*** Block opens ***
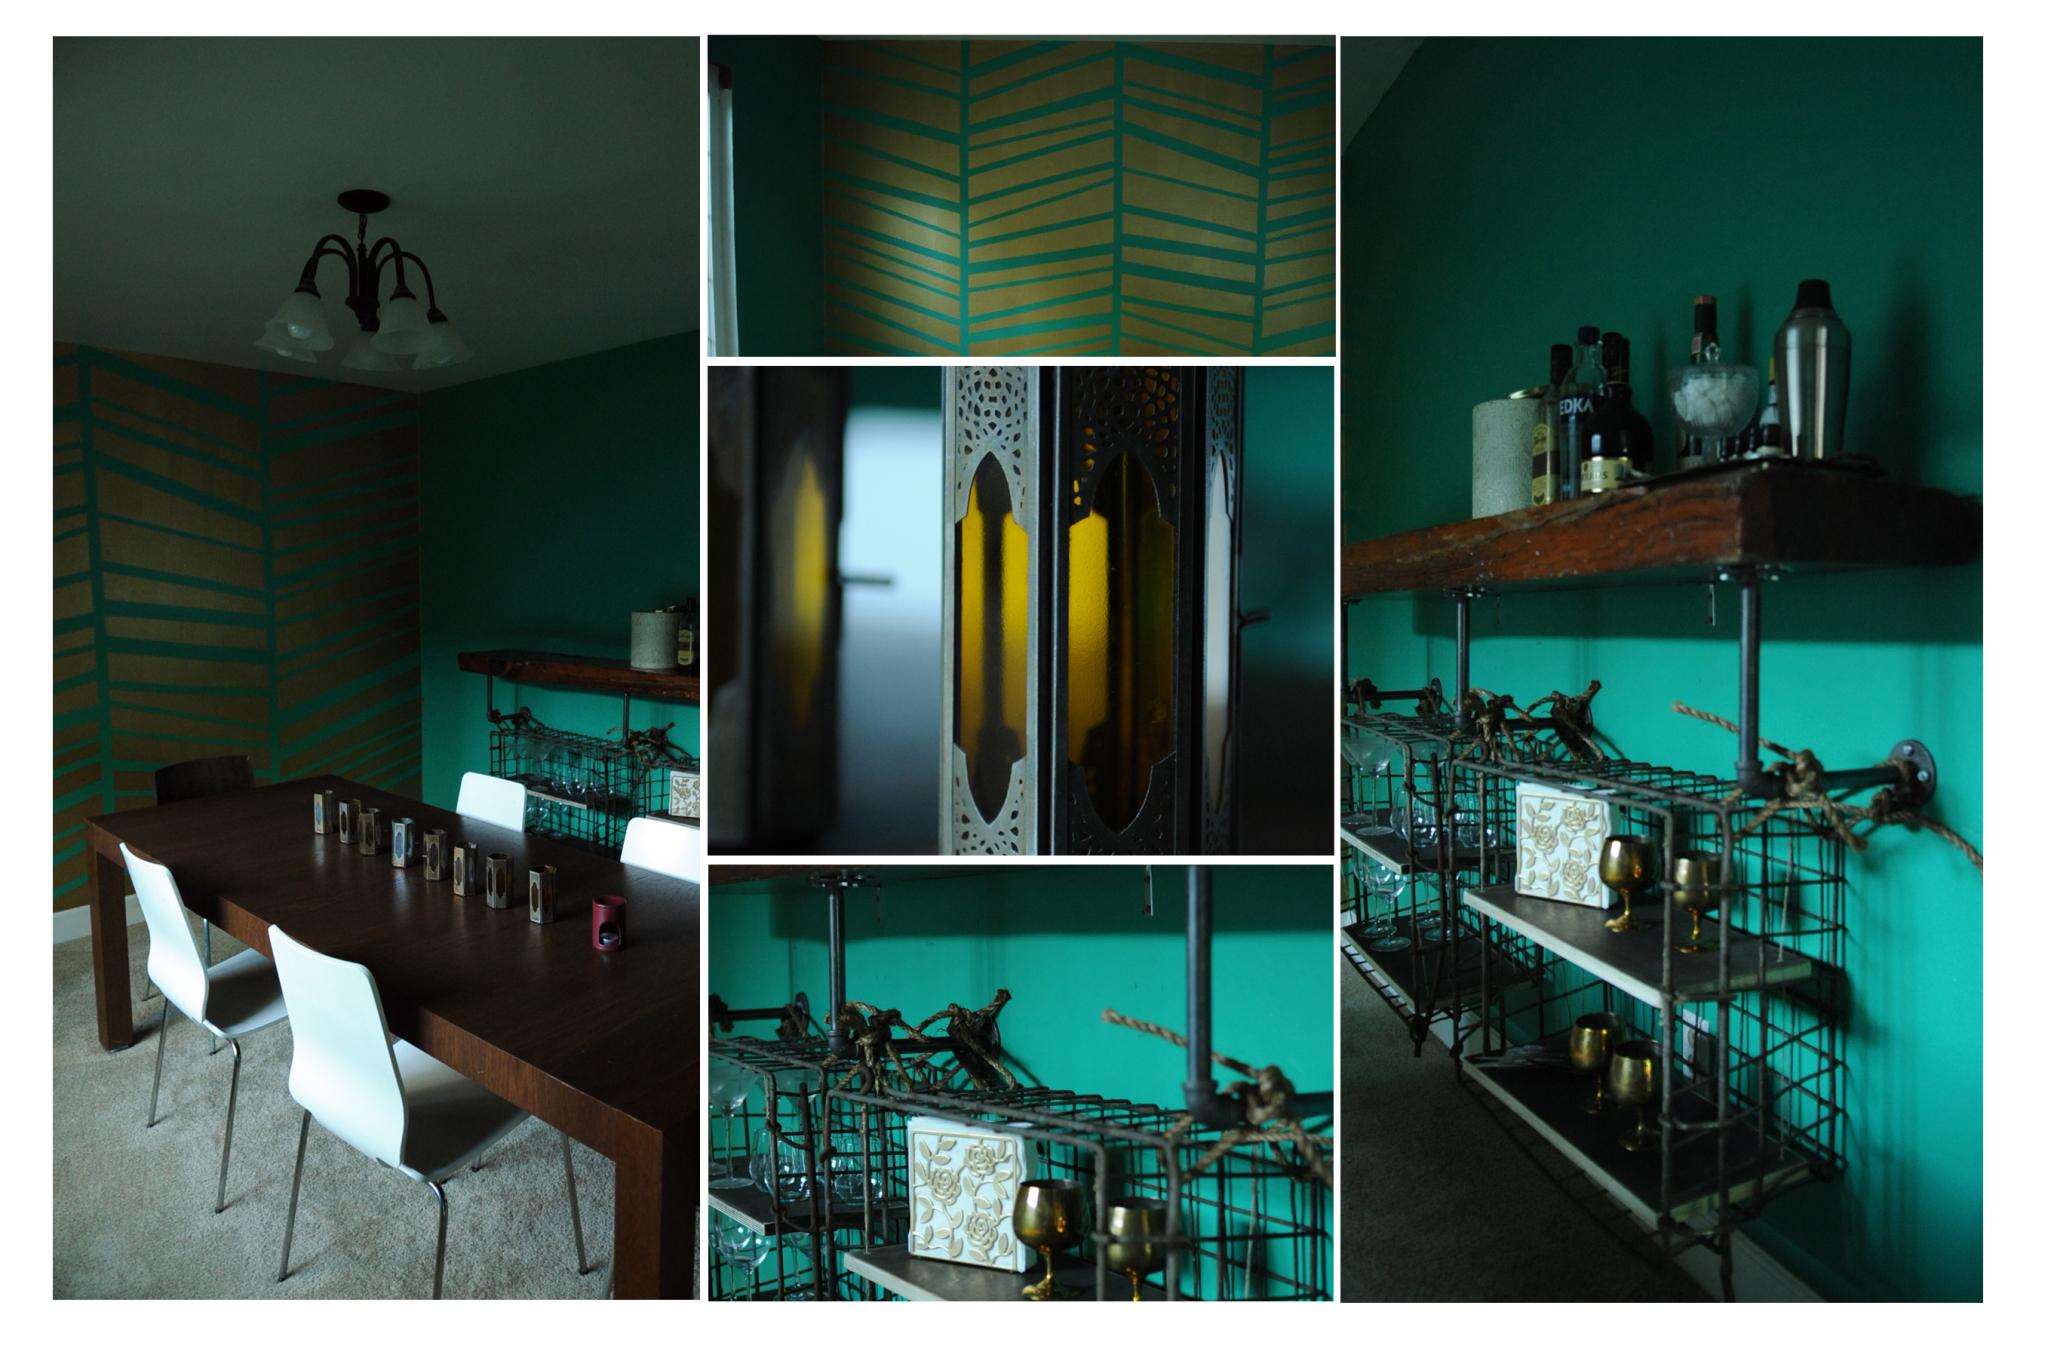 cs_room2.jpg
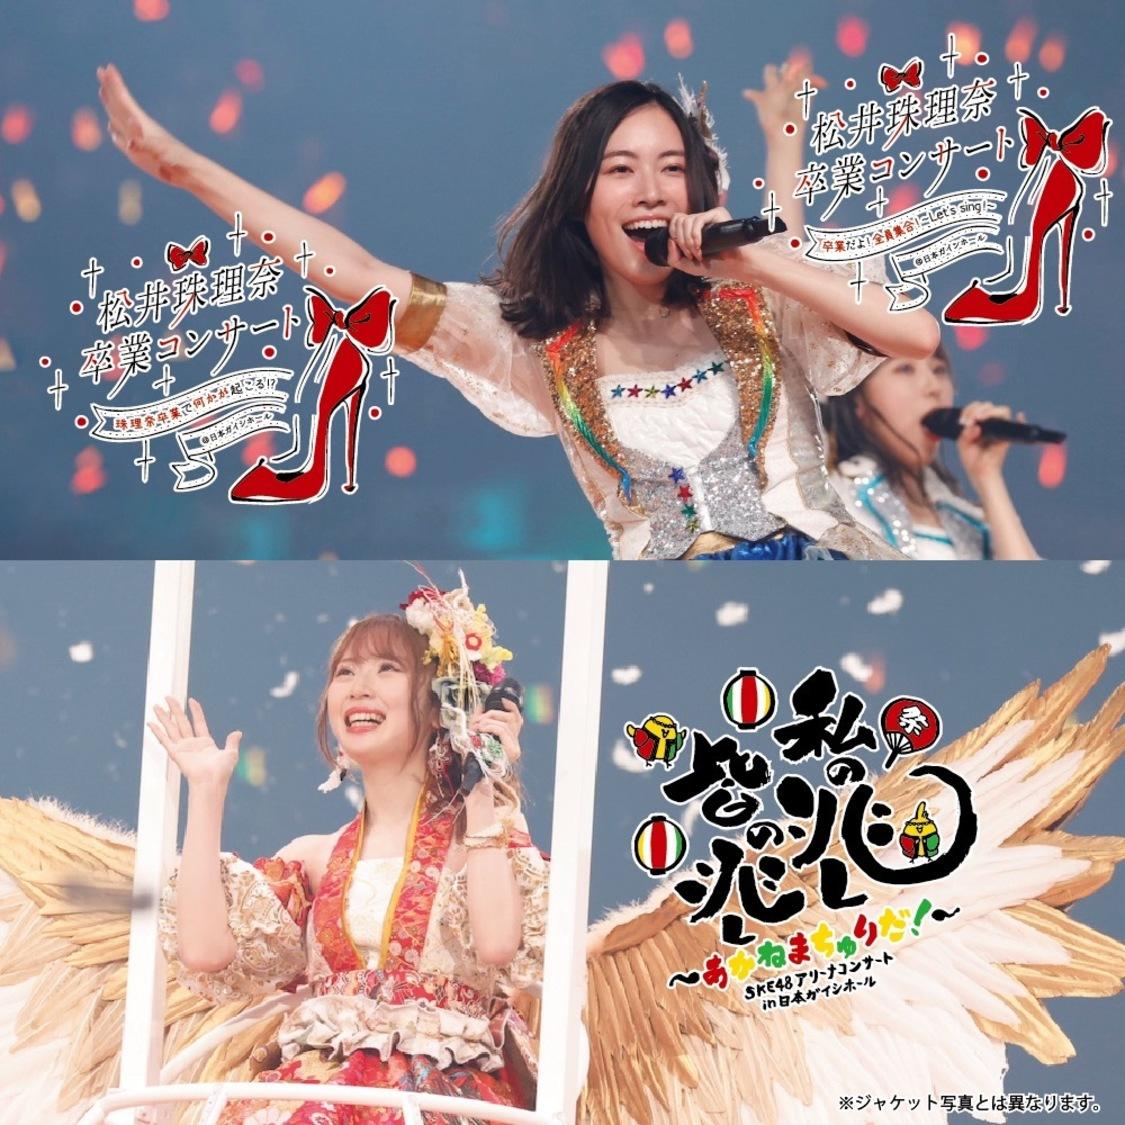 SKE48、松井珠理奈&高柳明音卒業コンサートを収めたスペシャルBD&DVD BOX発売決定!
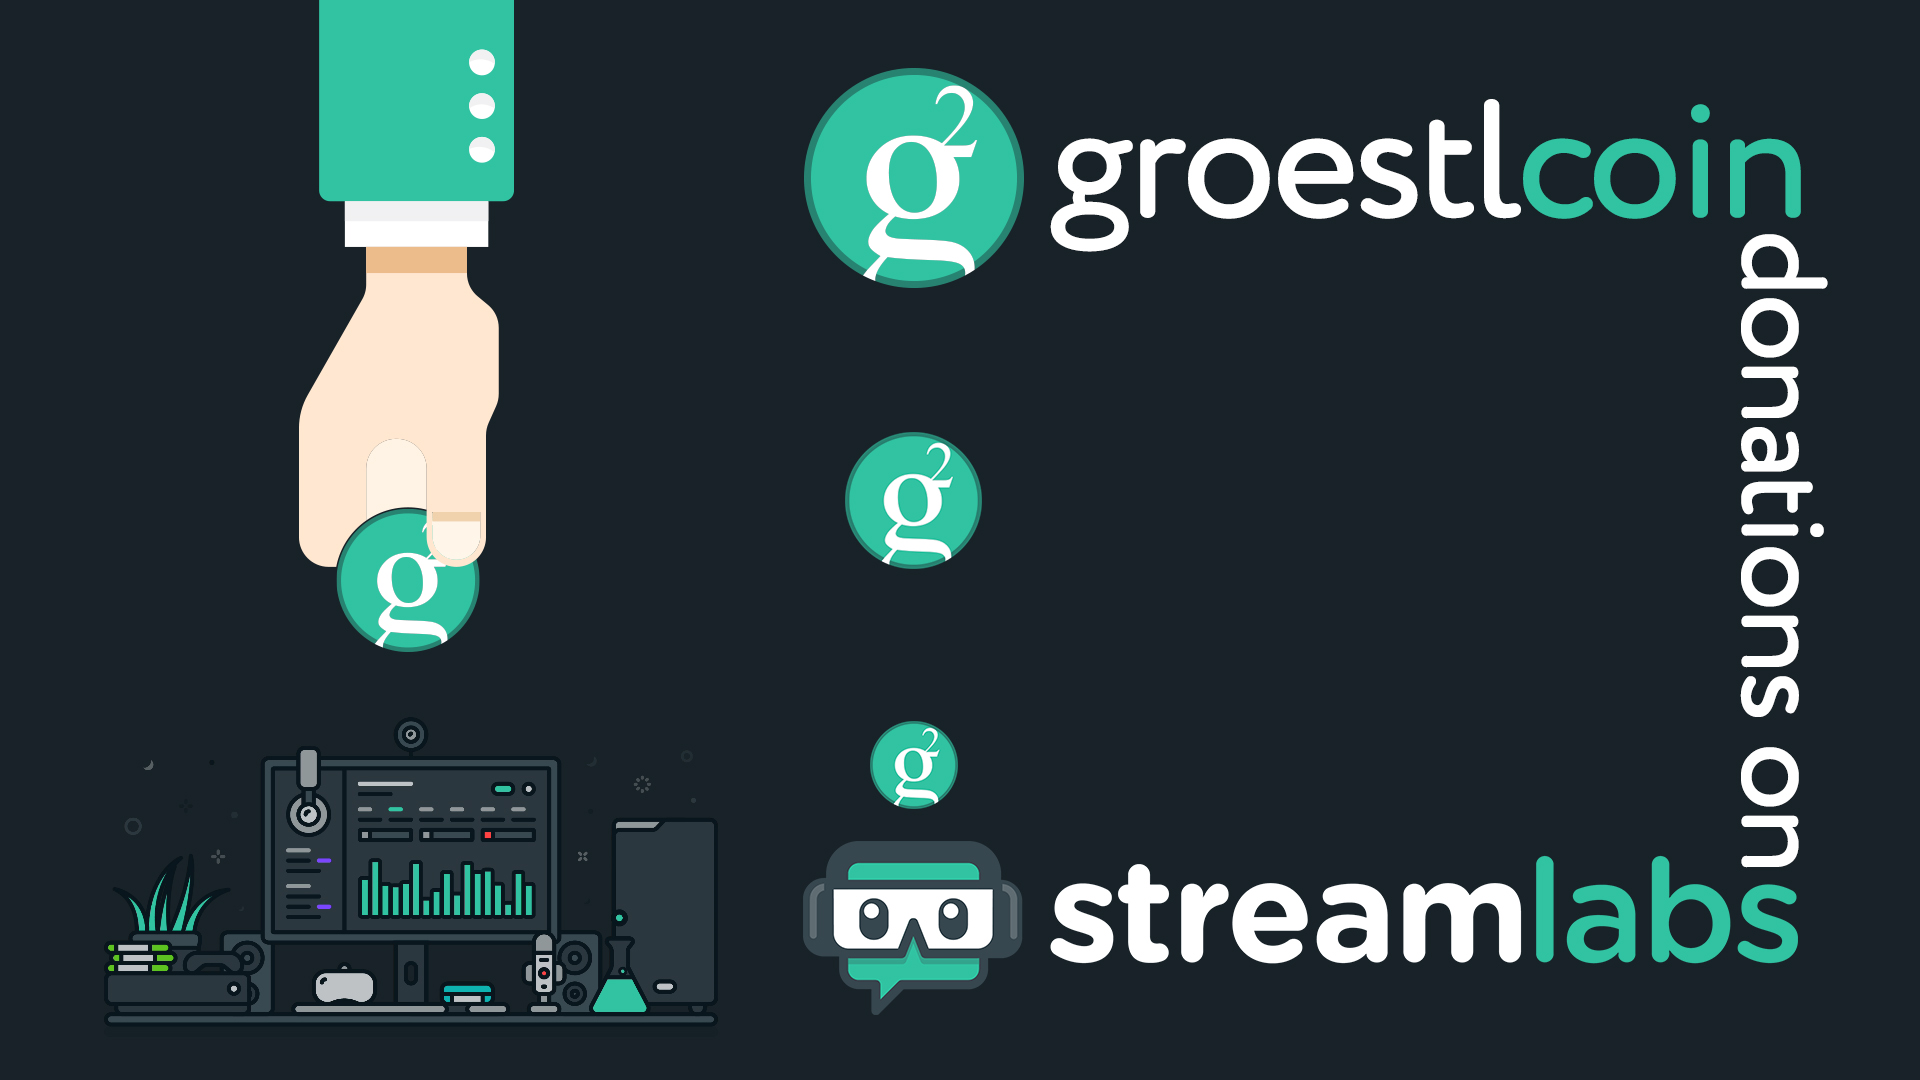 GroestlTip – Groestlcoin on StreamLabs • Groestlcoin (GRS)
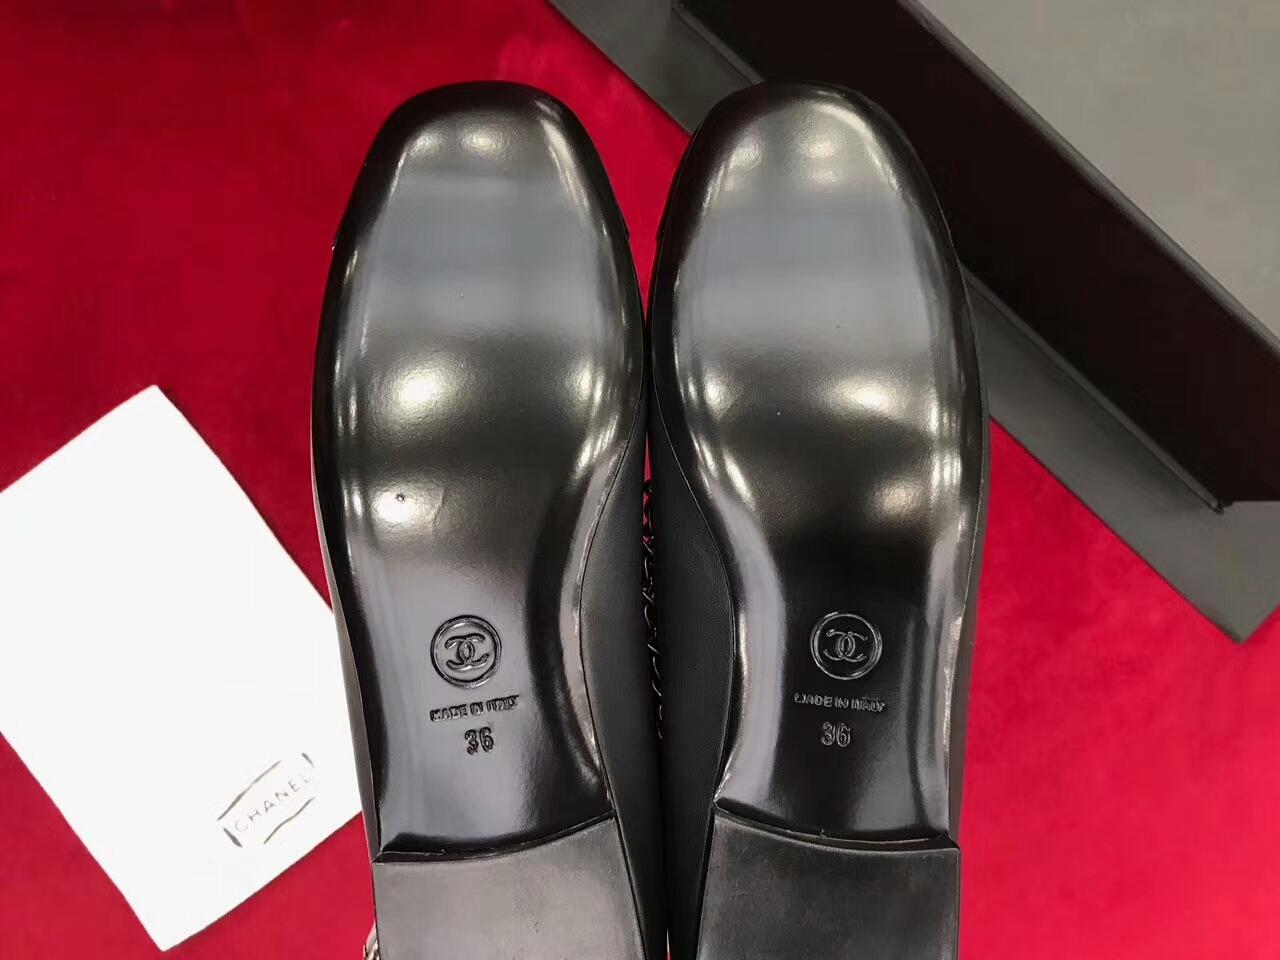 Chanel平底单鞋 17AW顶级链条系列单鞋 顶级货版本!
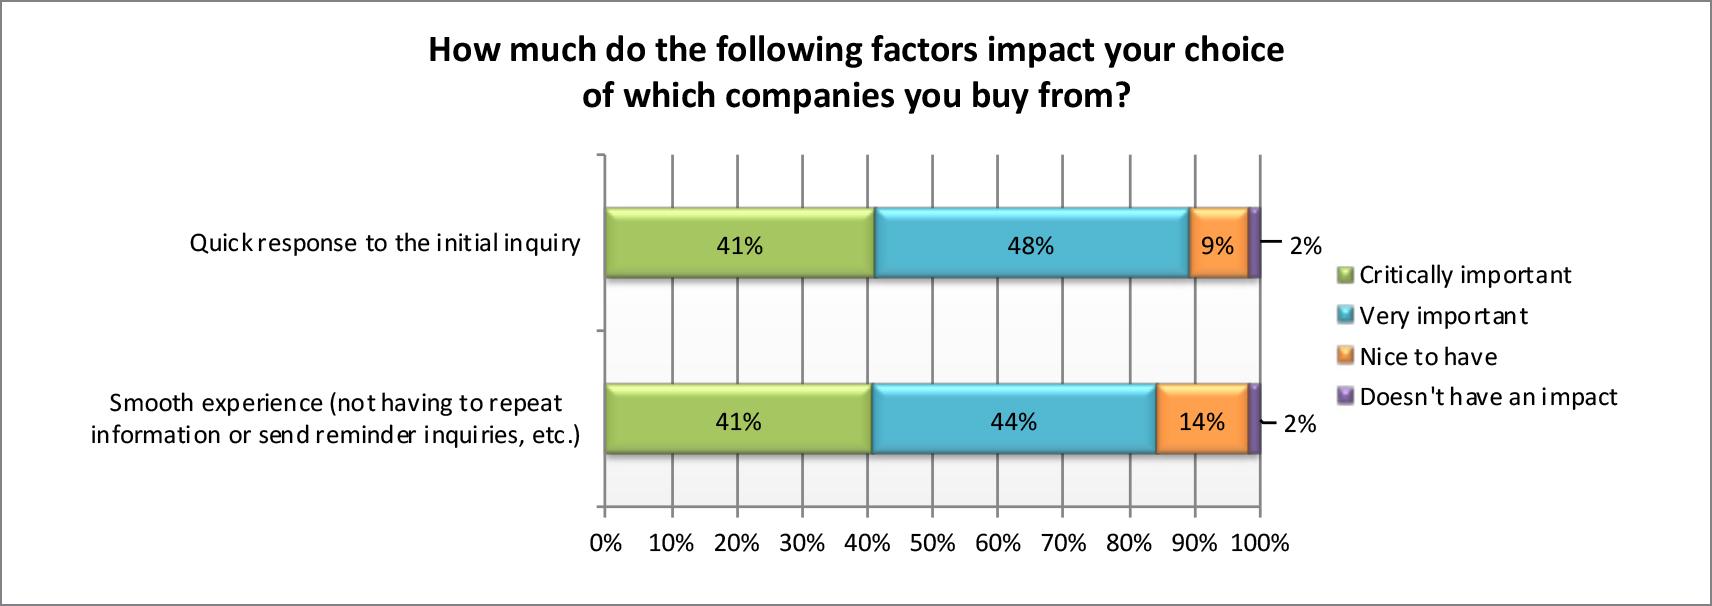 customer-retention (increase customer lifetime value (CLV))
*** Block closes ***
[YOUR INSTRUCTIONS]: The output should hold only the lines from the one containing "GroestlTip – Groestlcoin" through the last line of the listing, reproduced exactly, pictures omitted.

[ANSWER TO THE EXERCISE]:
 GroestlTip – Groestlcoin on StreamLabs • Groestlcoin (GRS)
 Chanel平底单鞋 17AW顶级链条系列单鞋 顶级货版本!
 customer-retention (increase customer lifetime value (CLV))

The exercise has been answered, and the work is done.